Specifically for medical image segmentation, hybrid models combining the strengths of CNNs and transformers are gaining traction. For example, Ref. [21] proposes MAFT-Net (multi-scale attention frequency-enhanced transformer network), which integrates multi-scale features from CNNs with a frequency-enhanced attention transformer, allowing the model to capture both local texture details and global contextual information, with frequency domain processing helping to enhance the relevant features. Such hybrid approaches aim to overcome the limitations of using either CNNs or transformers in isolation, but they can also introduce increased model complexity and a larger number of hyperparameters, requiring careful tuning.

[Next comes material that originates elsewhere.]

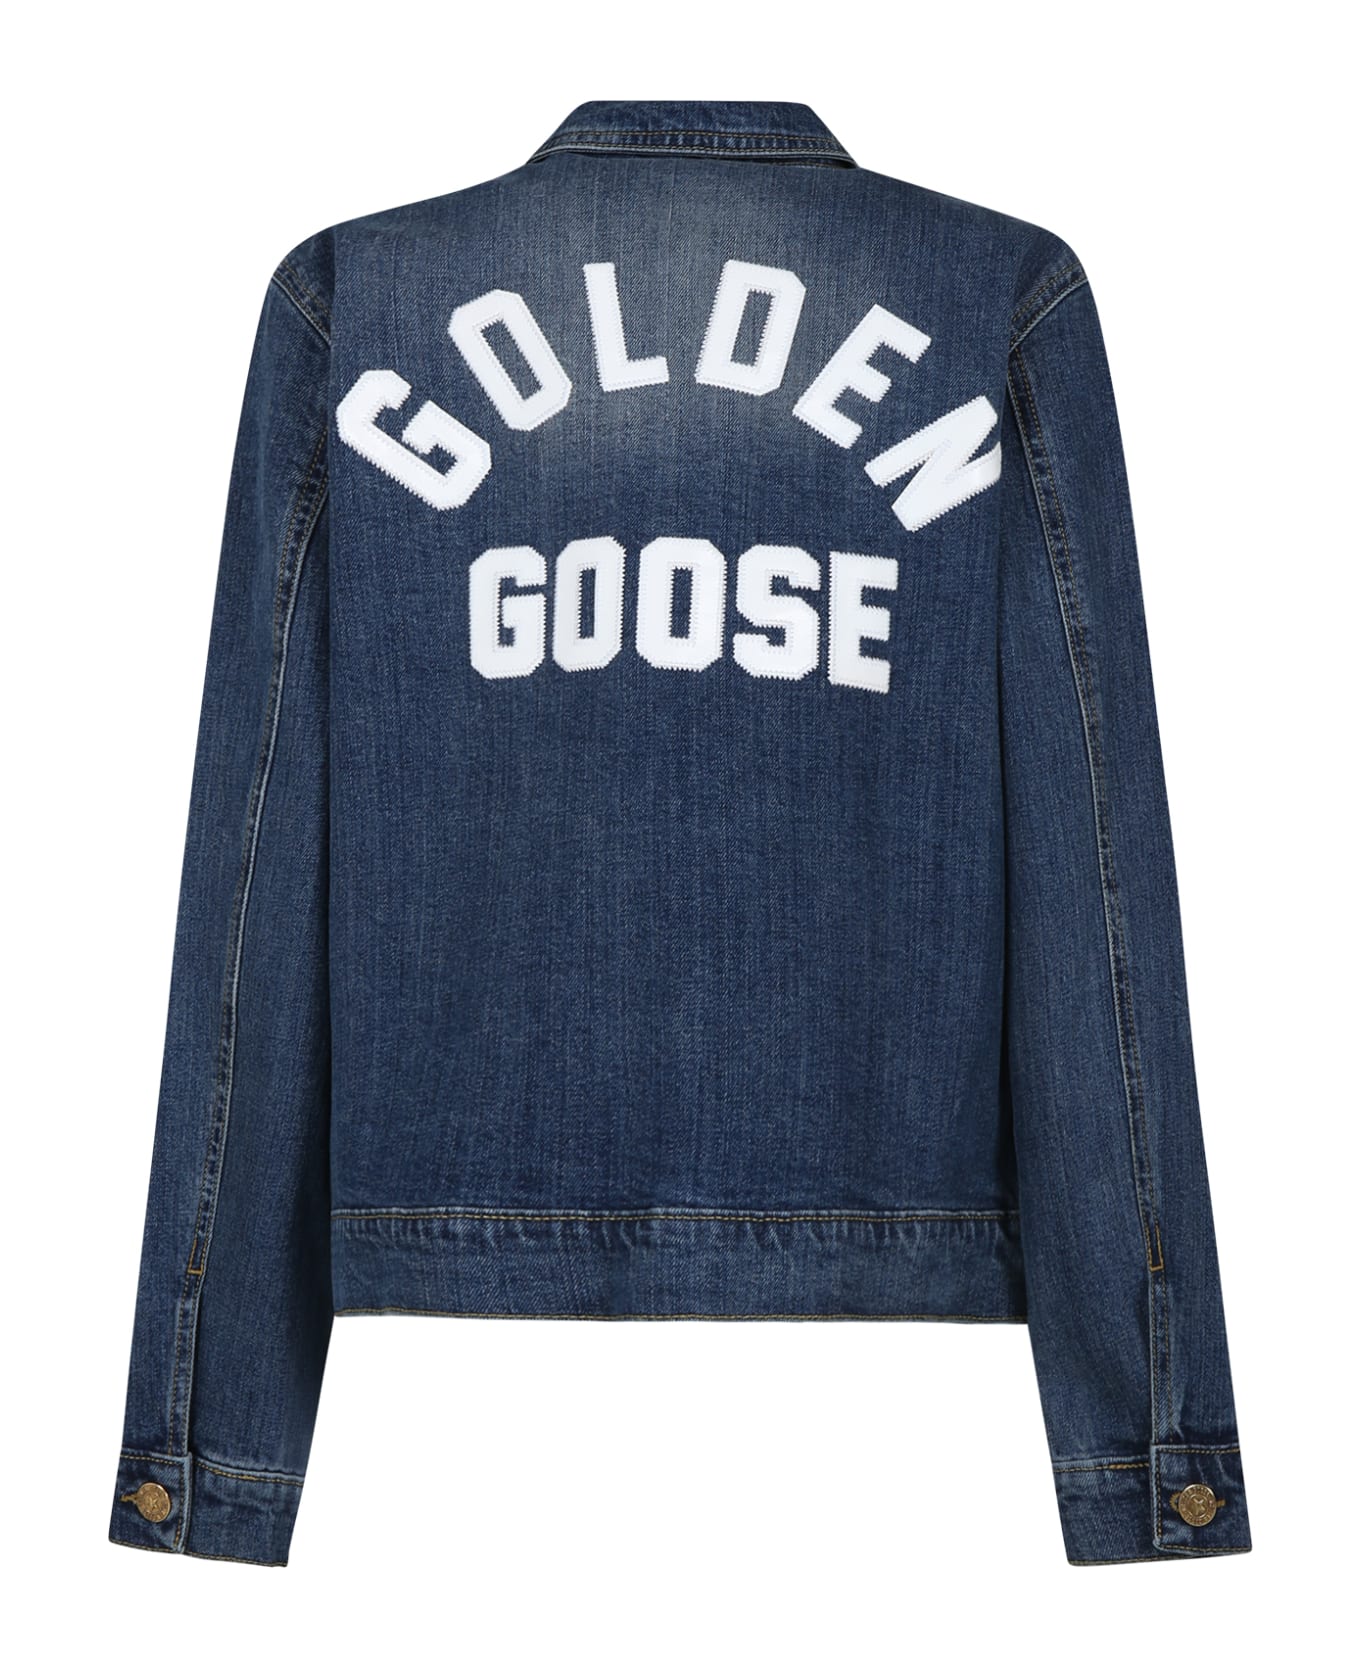 Golden Goose Blue Jacket For Kids With Logo - Denim

Techniques such as transformer integration in DA-TransUNet and TransUNet allow for the modeling of long-range dependencies, whereas U-Mamba combines CNNs with state-space models for efficient global context understanding. Generative approaches, such as BerDiff’s application of DDPMs, further increase robustness against image variability and noise. These innovations achieve high DSCs, demonstrating their effectiveness on diverse datasets and imaging modalities. Nevertheless, many models face difficulties, including increased computational demand for attention mechanisms, insufficient public datasets for robust training, and limited generalization across imaging modalities and clinical applications. Scalability for high-resolution imaging and in the absence of standardized benchmarks also makes broader adoption difficult.

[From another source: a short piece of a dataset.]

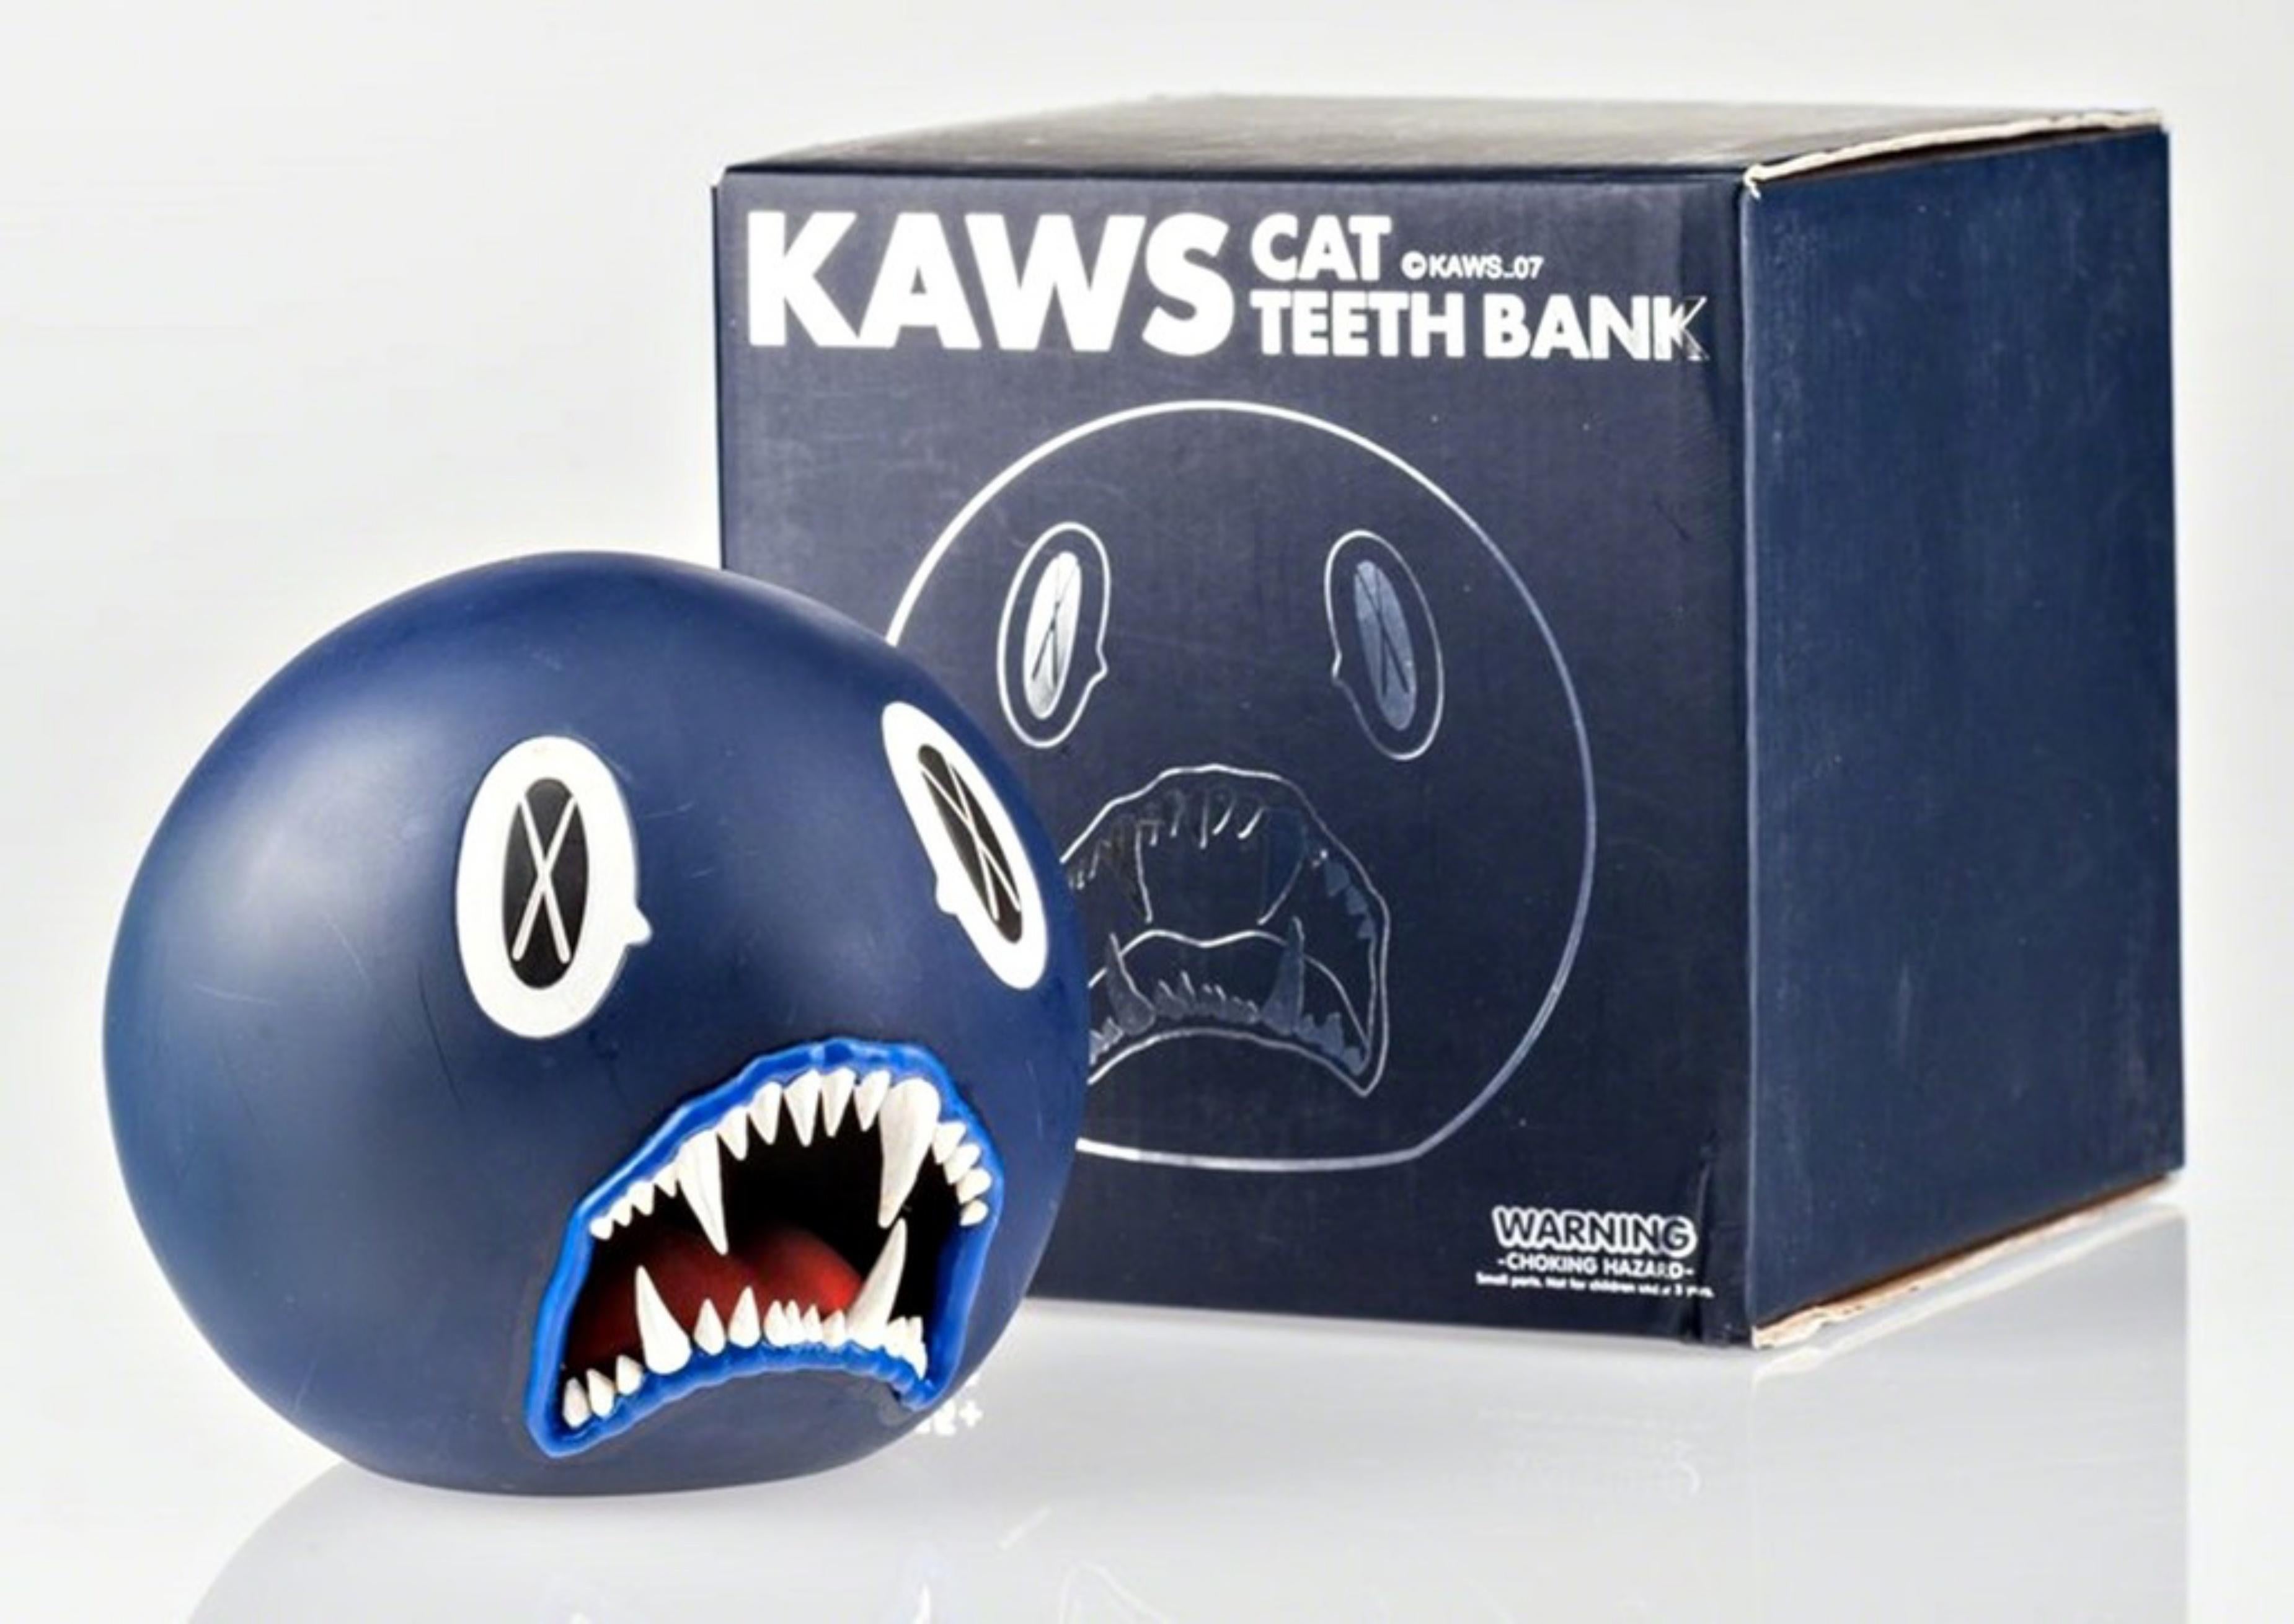 Cat Teeth Bank

The broader landscape of medical AI is also shifting towards foundation models, as reviewed by [22,23]. These models, pre-trained on vast and diverse datasets, aim to provide a base for a wide range of downstream tasks, including segmentation, through fine-tuning. While the development of true foundation models for medical imaging is still in its early stages due to challenges in data access, privacy, and heterogeneity, their potential to improve generalization and reduce the need for extensive task-specific training is high. However, adapting these large-scale models to specific clinical applications, like precise liver segmentation with limited institutional data, remains a key challenge, underscoring the need for effective fine-tuning and incremental learning strategies. Addressing these issues would require optimizing lightweight architectures, increasing the quality of datasets and developing unified evaluation frameworks [24], and devising robust strategies for model adaptation to specific clinical environments. The present paper makes a contribution to addressing the problem of limited diversity of datasets and model adaptation through Private Data Incrementalization, as described next.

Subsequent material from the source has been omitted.